…В сорок третьем из запасного полка вывел он сотни три вот таких же зеленых, необстрелянных парней. И так же лили дожди и непролазны были дороги. Шли только ночами: остерегались авиации. К рассвету делали по тридцать – сорок километров. Тяжелые кирзачи, мокрые, разбухшие шинели, не успевающие просыхать за время коротких дневок, скудный паек и сон не вволю. Парни усыхали на глазах: осунулись, потемнели лицами. К концу недели засыпали на ходу: глядишь, идет, уронив голову, держится за соседа, как слепой. Несколько минут такого неодолимого забытья – и опять топает, месит нескончаемую грязь прифронтовой дороги. Последние тридцать верст уже не шли, а буквально домучивали. Помнится, как в рассветной мгле наконец завиднелись постройки пункта назначения. У всех билась одна только мысль: дойти, свалиться и спать, спать – все равно где, на чем…

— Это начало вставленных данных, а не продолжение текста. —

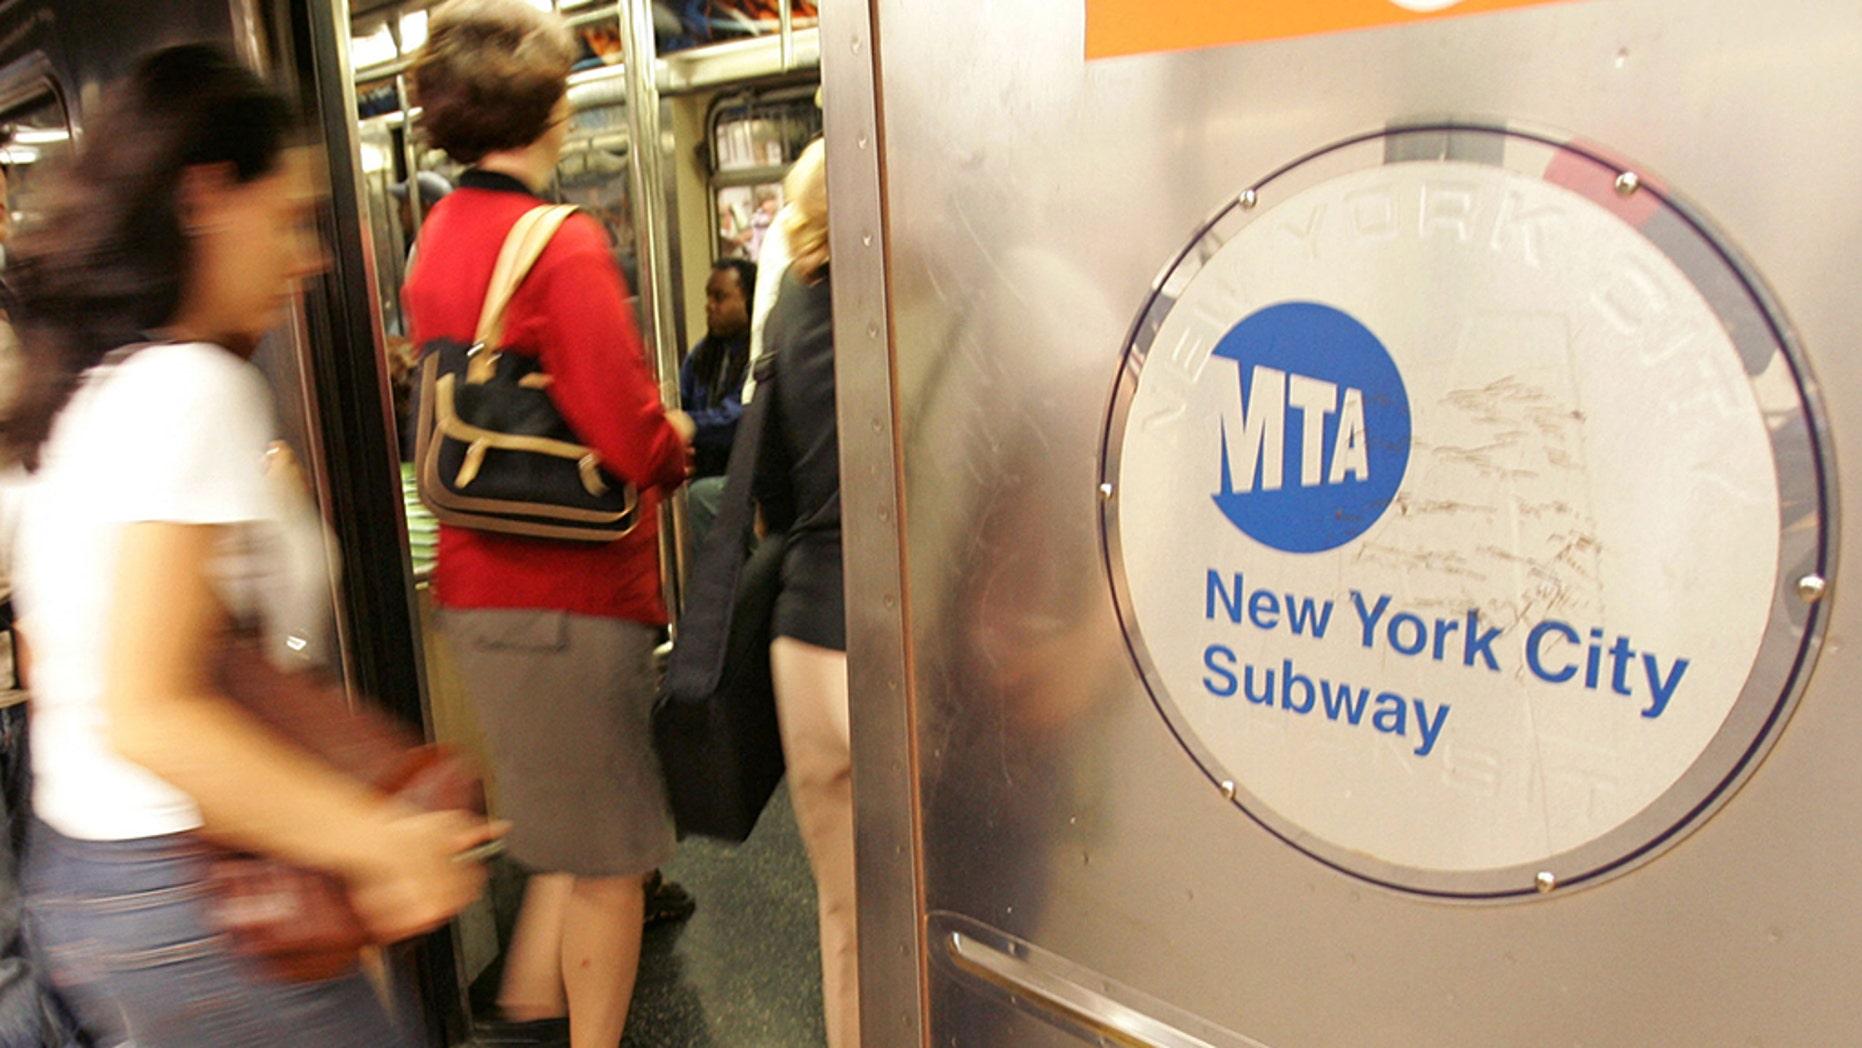 Riders board a subway train in New York City.

И вдруг конный посыльный: прибывшее пополнение будет встречать сам командир полка. По колонне понеслось: «Подтянись! Разобраться по четыре! Оправить обмундирование!» На перекрестке в открытом «виллисе» стоял старый усатый подполковник. Он поднял руку к забинтованной голове, отдал честь едва тащившейся роте. «Поздравляю со вступлением в Действующую армию! – хрипло выкрикнул командир полка. – Всем присваиваю звание гвардейцев!» И в тот же миг за его спиной оркестр грянул веселый праздничный марш: «Утро красит нежным светом…» Утро было хмурое, лохматое, в глинистых лужах пузырился осточертевший дождь. Понурые, забрызганные грязью солдаты как могли подровняли нестройные, разорванные шеренги, приподняли отяжелевшие головы, первые ряды даже попытались отбить строевым – так радостно, ободряюще гремела музыка, так звала она к чему-то прекрасному и необыкновенному! «Кипучая, могучая, никем не победимая!» – звонко, радостно пели трубы, и рота, воспрянувшая и слившаяся, вторила им тяжелым и грозным шагом. «Хорошо идете, товарищи гвардейцы! – перекрывая оркестр, крикнул дрогнувший лицом старый подполковник. – Благодарю за службу, сынки!»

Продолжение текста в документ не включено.